The article additionally asserts that “nonvaccination is expected to result in amplification of disease transmission in unvaccinated subpopulations” and “heightens the risk of vaccinated populations,”—a theory the experts disagreed with.

“In this hypothetical scenario, it is a foregone conclusion that if one group with high baseline immunity is mixed with another group of lower baseline immunity then a greater proportion of the high-immunity group will become infected before herd immunity is achieved, than if they had not mixed,” they wrote. “This is nothing more than dilution.”

The experts argued that using the same logic, the model will produce a “flawed” conclusion should the immunity of the unvaccinated be set to a higher value in the calculation.

“The model contains two crucial parameters: ‘vaccine efficacy’ and ‘baseline immunity in unvaccinated.’ If these are set to any combination where the latter is higher, then the findings are reversed; the vaccinated increase risk for the unvaccinated. Obviously, both conclusions are similarly flawed,” they said.

‘Thinly Veiled Hate Speech’

Dr. Byram Bridle, a viral immunologist and associate professor at the University of Guelph, said the article is “only thinly veiled hate speech under the guise of science,” filled with “massive errors.”
“Most of the people that remain ‘unvaccinated’ are not ‘anti-vaccine’ by any stretch of the imagination,” said Bridle in his newsletter published on Substack on April 26.

“Due to critical thinking and following the science, they are not in support of the current crop of COVID-19 jabs. Remember, the definition of a vaccine was changed to accommodate these jabs.

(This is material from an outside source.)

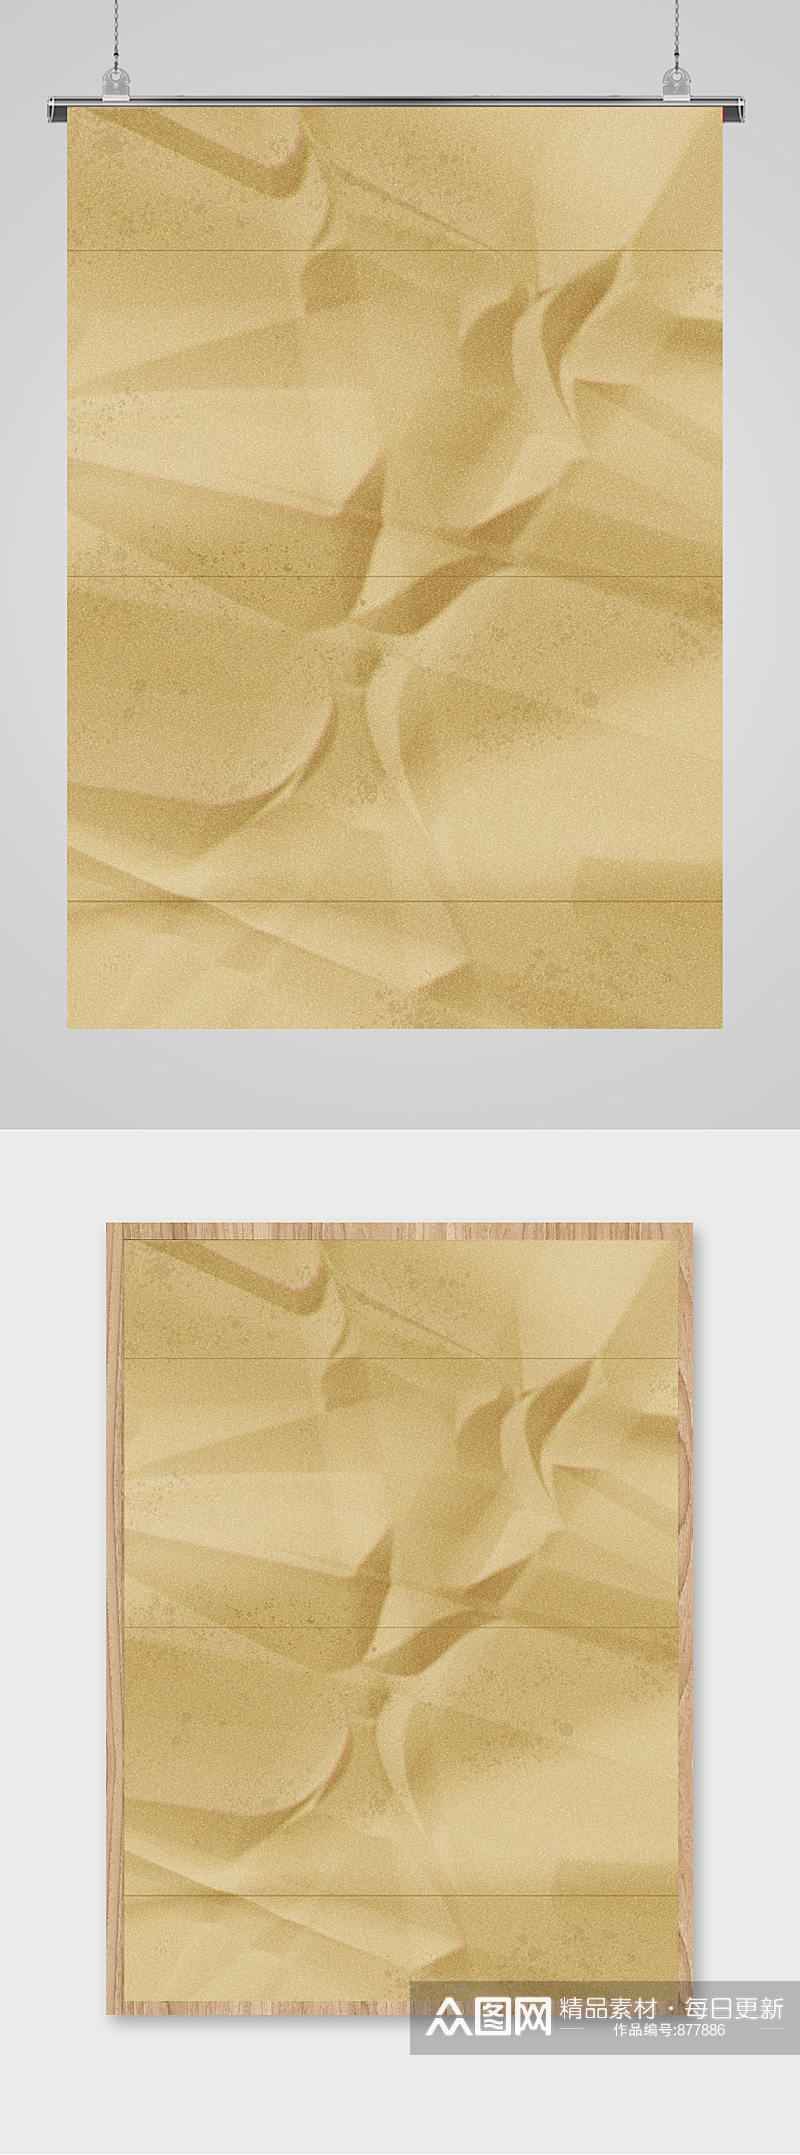 纸张折痕纹理背景素材
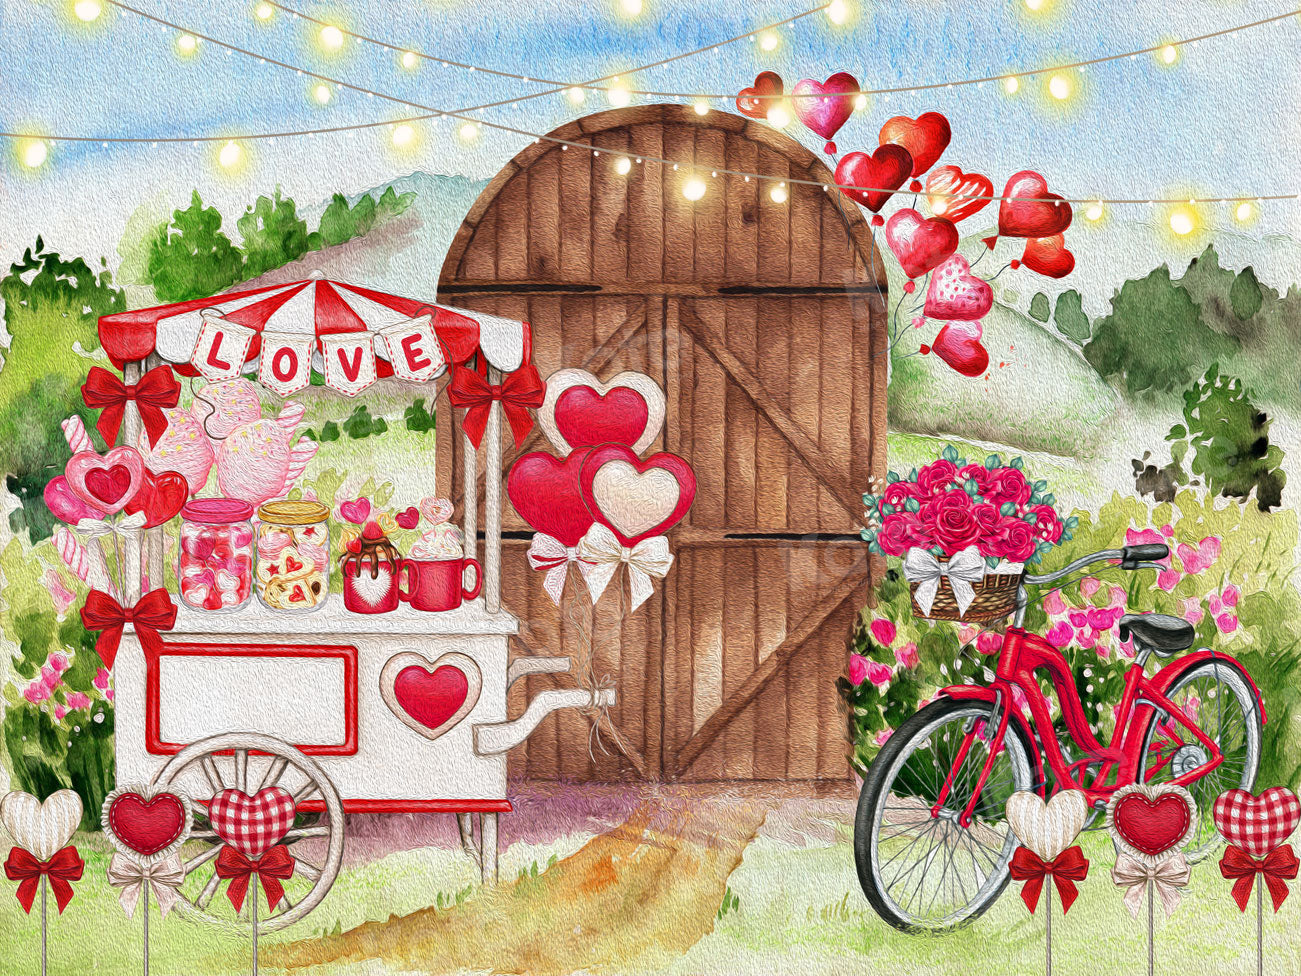 Kate Valentinstag Malerei Liebe Candy Cart Tür Hintergrund für die Fotografie

They are nothing like any of the historically mandated vaccines, such as those used in the childhood immunization series.”

People on a highway overpass support the Freedom Rally and the protest of the truck drivers against vaccine mandates, in Surrey, British Columbia, Canada, on Jan. 29, 2022. (EdgarBullon/Shutterstock)
People on a highway overpass support the Freedom Rally and the protest of the truck drivers against vaccine mandates, in Surrey, British Columbia, Canada, on Jan. 29, 2022. EdgarBullon/Shutterstock

Bridle said the article incorrectly assumes that COVID-19 vaccines offer full immunity against the virus and that the booster shots provide restored protection against the Omicron variant.

“Yet the ‘real world’ data clearly show that the boosted sub-population is being diagnosed with disproportionately more cases than the ‘not fully vaccinated’ group, which includes the ‘unvaccinated’ and people who received a single dose,” he said, citing the number of COVID-19 cases by vaccination status from the website of the Ontario Ministry of Health on April 26.

“Why would someone want to take a booster and more than double their risk of getting diagnosed with COVID-19?!?”

Bridle also noted that the article did not mention the safety issues surrounding the vaccines, and that it assumed the baseline immunity among the unvaccinated to be only 20 percent when another peer-reviewed paper “estimate[d] that between 90 percent and 99 percent of adults show positive antibody reactivity for SARS-CoV-2 spike, RBD, or the N antigen.”

Doidge and his team said the authors not only did not consider the “vast difference” in health-care demand between an 18-year-old and a comorbid 80-year-old in the modelling, but their calls for vaccine mandates failed to acknowledge that these same policies “helped to ignite nation-wide protest.”

“The combination of deeply flawed modelling, moral condemnation, and politicisation should be sufficient to retract a paper published in Canada’s preeminent medical journal,” they said.

“Unfortunately, the damage has already been done, with many media outlets added fuel to the fire through uncritical reporting of this study. Trust in public health and science has been further eroded.”